本发明的METTL9基因可以是天然的或是人工合成的,或者使用可以表达METTL9的DNA片段的载体转染细胞获得。所述载体所述载体包括病毒载体、真核表达载体。
病毒载体可以是任何适当的载体,包括但不限于逆转录病毒载体、腺病毒载体、腺病毒相关病毒载体、疱疹病毒(例如单纯疱疹病毒、痘苗病毒及EB病毒)载体、甲病毒载体。
真核表达载体可以是任何适当的表达载体,包括但不限于pCMV-Myc表达载体、pcDNA3.0表达载体、pcDNA3.1表达载体、pEGFP表达载体、pEF Bos表达载体、pTet表达载体、pTRE表达载体、或者在公知表达载体的基础上经改造的载体,比如pBin438、pCAMBIA1301等。
在本发明的上下文中,METTL9基因表达产物包括人METTL9蛋白以及人METTL9蛋白的部分肽。所述METTL9蛋白的部分肽含有与缺血性脑卒中相关的功能域。

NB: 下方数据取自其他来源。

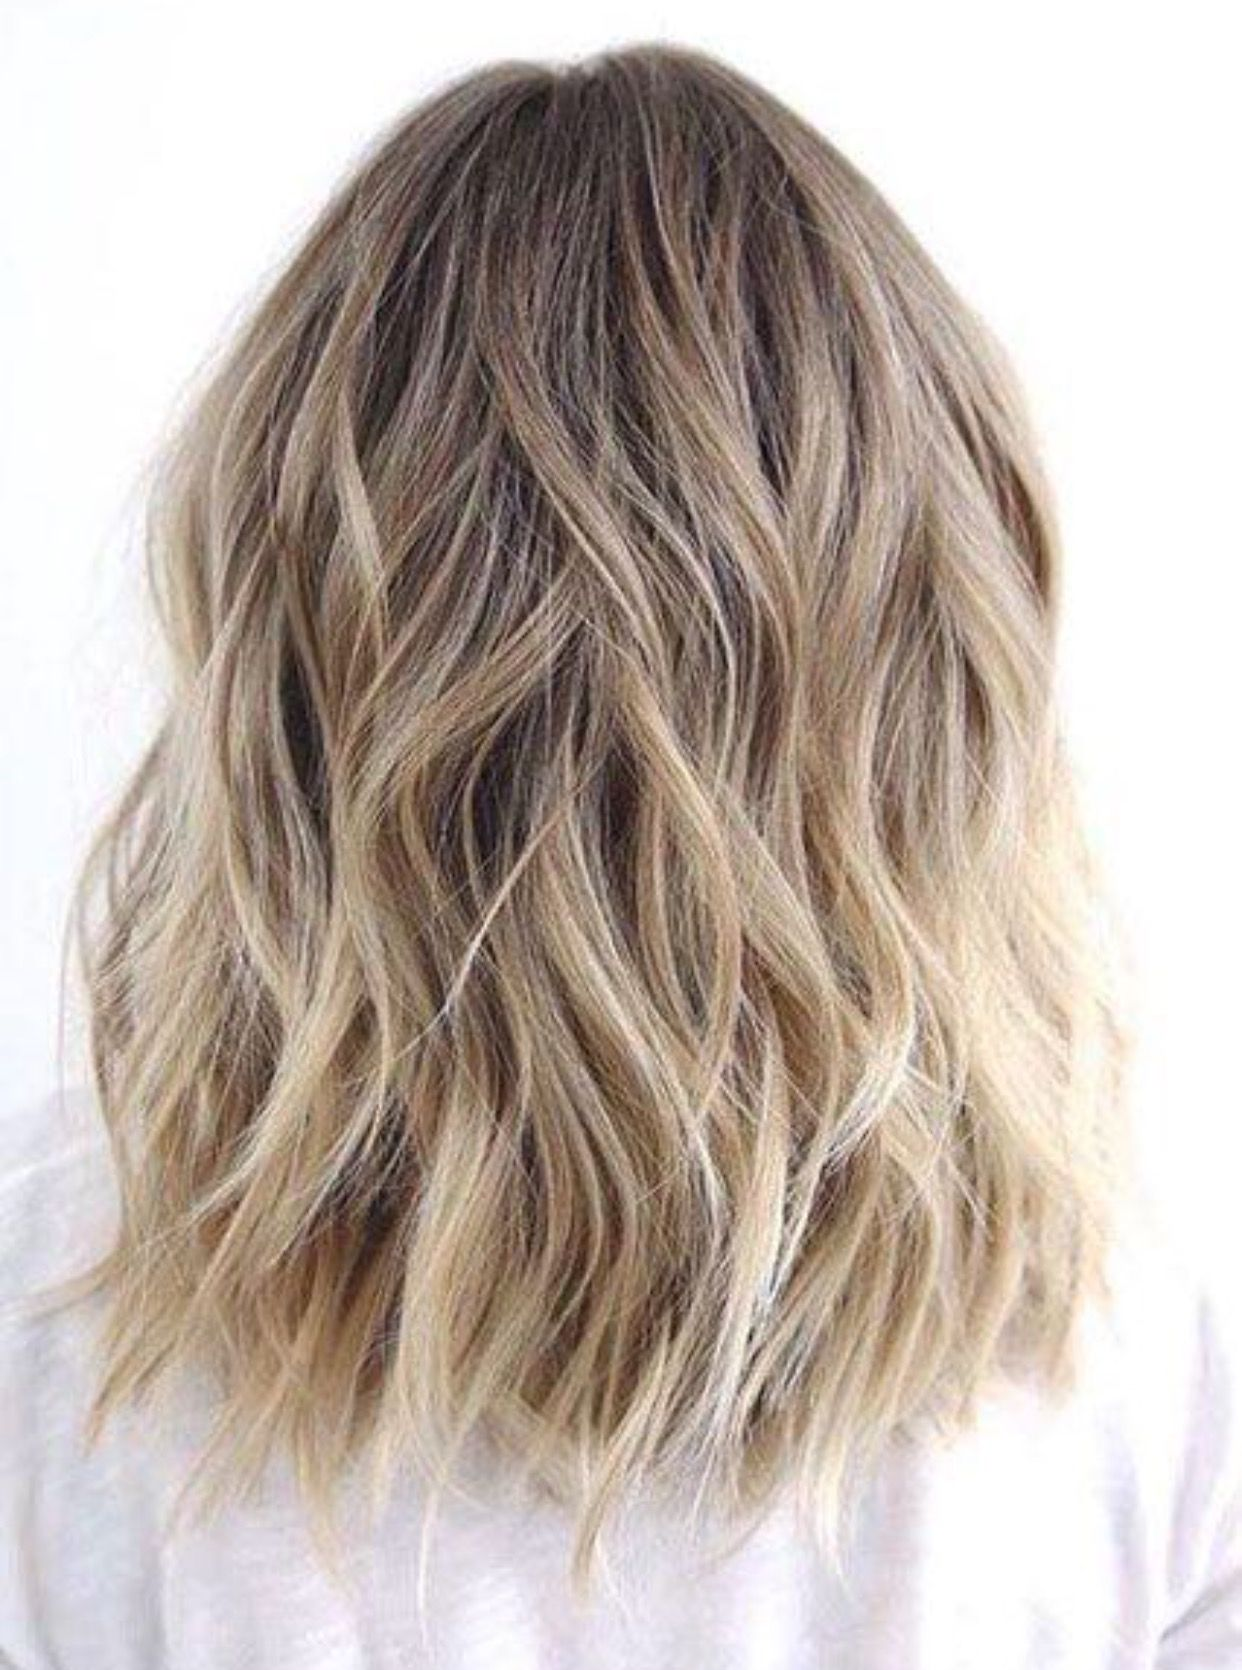 Pinterest morganjessxo h a i r pinterest hair coloring

“METTL9蛋白”包括METTL9蛋白以及METTL9蛋白的任何功能等同物。所述功能等同物包括METTL9蛋白保守性变异蛋白质、或其活性片段,或其活性衍生物,等位变异体、天然突变体、诱导突变体、在高或低的严紧条件下能与人METTL9的DNA杂交的DNA所编码的蛋白质。
优选地,METTL9蛋白是具有下列氨基酸序列的蛋白质:
(1)由序列表中SEQ ID NO.2所示的氨基酸序列组成的蛋白质;
(2)将SEQ ID NO.2所示的氨基酸序列经过一个或几个氨基酸残基的取代和/或缺失和/或添加且与SEQ ID NO.2所示的氨基酸序列具有相同功能的由SEQ ID NO.2所示的氨基酸序列衍生的蛋白质。取代、缺失或者添加的氨基酸的个数通常为1-50个,较佳地1-30个,更佳地1-20个,最佳地1-10个。
(3)与SEQ ID NO.2所示的氨基酸序列具有至少80%同源性(又称为序列同一性),优选地,与SEQ ID NO.2所示的氨基酸序列至少约90%至95%的同源性,常为96%、97%、98%、99%同源性的氨基酸序列构成的多肽。
在本发明的具体实施方案中,所述METTL9蛋白是具有SEQ ID NO.2所示的氨基酸序列的蛋白质。
通常,已知的是,一个蛋白质中一个或多个氨基酸的修饰不会影响蛋白质的功能。本领域技术人员会认可改变单个氨基酸或小百分比的氨基酸或对氨基酸序列的个别添加、缺失、***、替换是保守修饰,其中蛋白质的改变产生具有相似功能的蛋白质。提供功能相似的氨基酸的保守替换表是本领域公知的。
通过添加一个氨基酸或多个氨基酸残基修饰的蛋白质的例子是METTL9蛋白的融合蛋白。对于与METTL9蛋白融合的肽或者蛋白质没有限制,只要所得的融合蛋白保留METTL9蛋白的生物学活性即可。
本发明的METTL9蛋白也包括对SEQ ID NO.2所示的氨基酸序列的非保守修饰,只要经过修饰的蛋白质仍然能够保留METTL9蛋白的生物学活性即可。在此类修饰蛋白质中突变的氨基酸数目通常是10个或者更少,例如6个或者更少,例如3个或者更少。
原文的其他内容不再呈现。